Postpartum depression can also have a significant impact on children
There is an old saying in China: even the most ferocious tiger will not harm his own children.
But did you know that patients with postpartum depression are not only suicidal, but also prone to infanticide?
How should postpartum depression do after all, what specific remedial method is there? If treated with drugs, will it affect the fetus or the baby?
How is postpartum depression treated?
Above all, oneself do not want to be very pessimistic, want to consult obstetrician.
Second, look for external factors that have previously contributed to anxiety and depression, such as poor marital relationships, other family conflicts, or unexpected life events that have recently occurred, which need to be addressed first.
If the obstetrician rules out other obstetric causes and the family feels there is no particular life accident or relationship conflict, ask a psychiatrist to identify it.
In the case of severe postpartum depression, medical intervention may be required if necessary.

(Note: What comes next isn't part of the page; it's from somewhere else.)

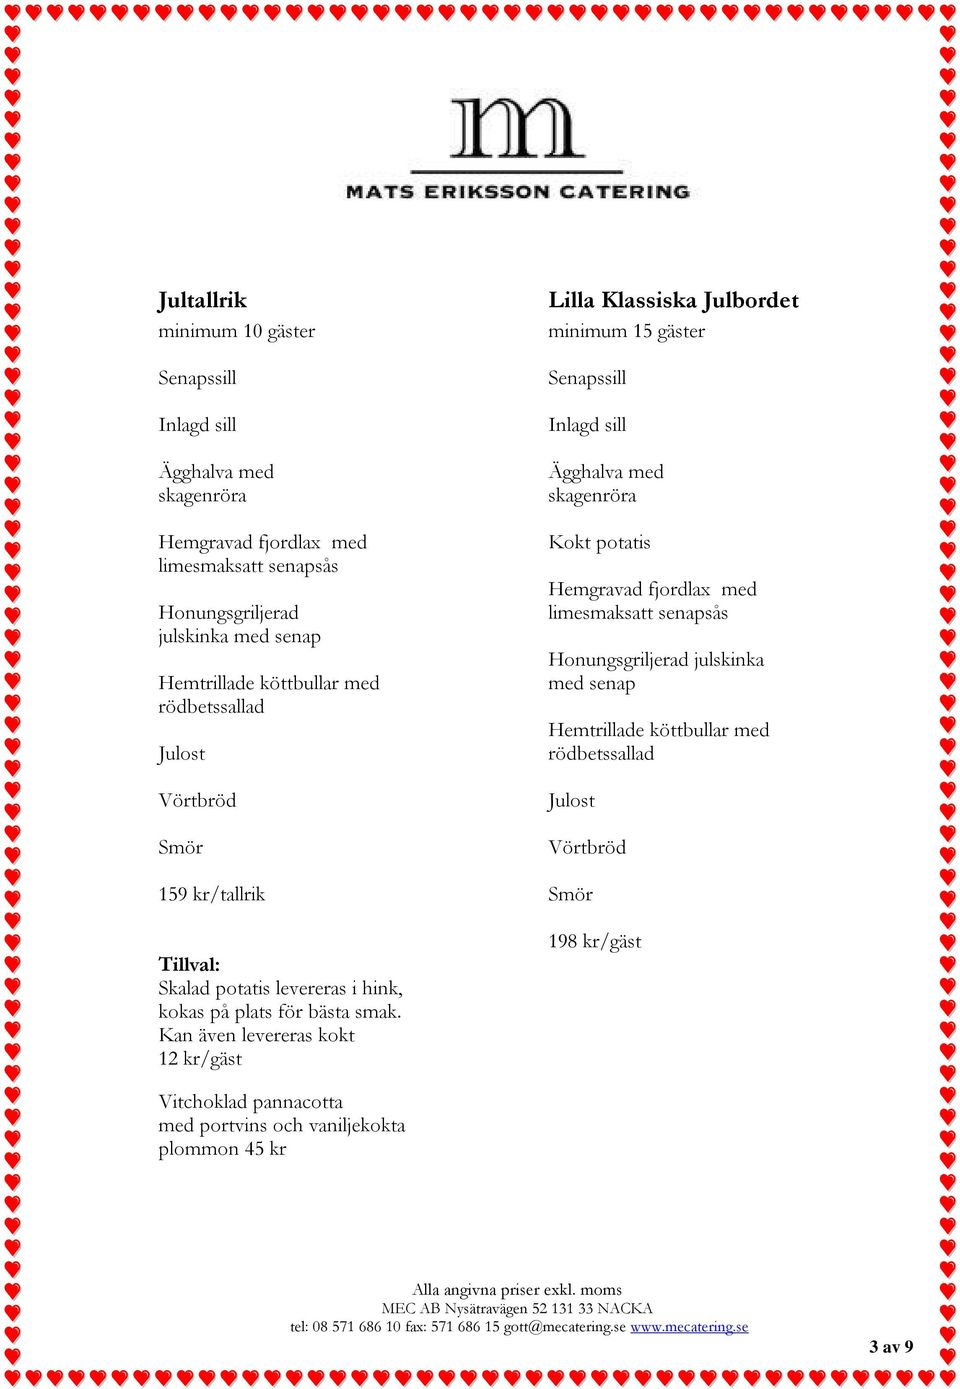 Kan även levereras kokt 12 kr/gäst Lilla Klassiska Julbordet minimum 15 gäster Ägghalva med skagenröra Kokt potatis Hemgravad fjordlax med limesmaksatt

Specific treatment methods should be based on clinical evaluation, depression symptoms of mild, moderate and severity of different ways to take.
If it is mild, it is usually to give comfort, support, guidance. If it is moderate or above, especially if there is negative pessimistic language, has a direct impact on child rearing, drug treatment is recommended.
For high-risk pregnant women can also do some music intervention to help postpartum anxiety.
Medication during pregnancy is a double-edged sword.
The current use of antidepressants is not teratogenic, but existing literature has reported that some antisuppressants may lead to preterm labor, low birth weight, or some pulmonary hypertension, and so on.
As for postpartum breastfeeding if you take it, the concentration of the drug in the breast milk is very low, usually 1/10 in the blood, very small.
Does a mother’s depression affect the child’s mental state?
Depression is not an infectious disease, but the mother’s words, behavior, emotional may affect the feeding of the fetus, infants in the early stages of its need for the mother’s embrace, care, which are to promote the development of the fetal brain.
If a newborn does not have a mother to support it, it may have an impact on the neurological development of the brain.
We have done some research and there is no difference between a child whose mother had depression before or after pregnancy and a child whose mother did not have anxiety or depression throughout pregnancy or postpartum.
But if the mother in pregnancy and postpartum depression, anxiety, then the neonatal immune capacity has some decline, will continue to 5, 6 years old, other physiological differences are not obvious.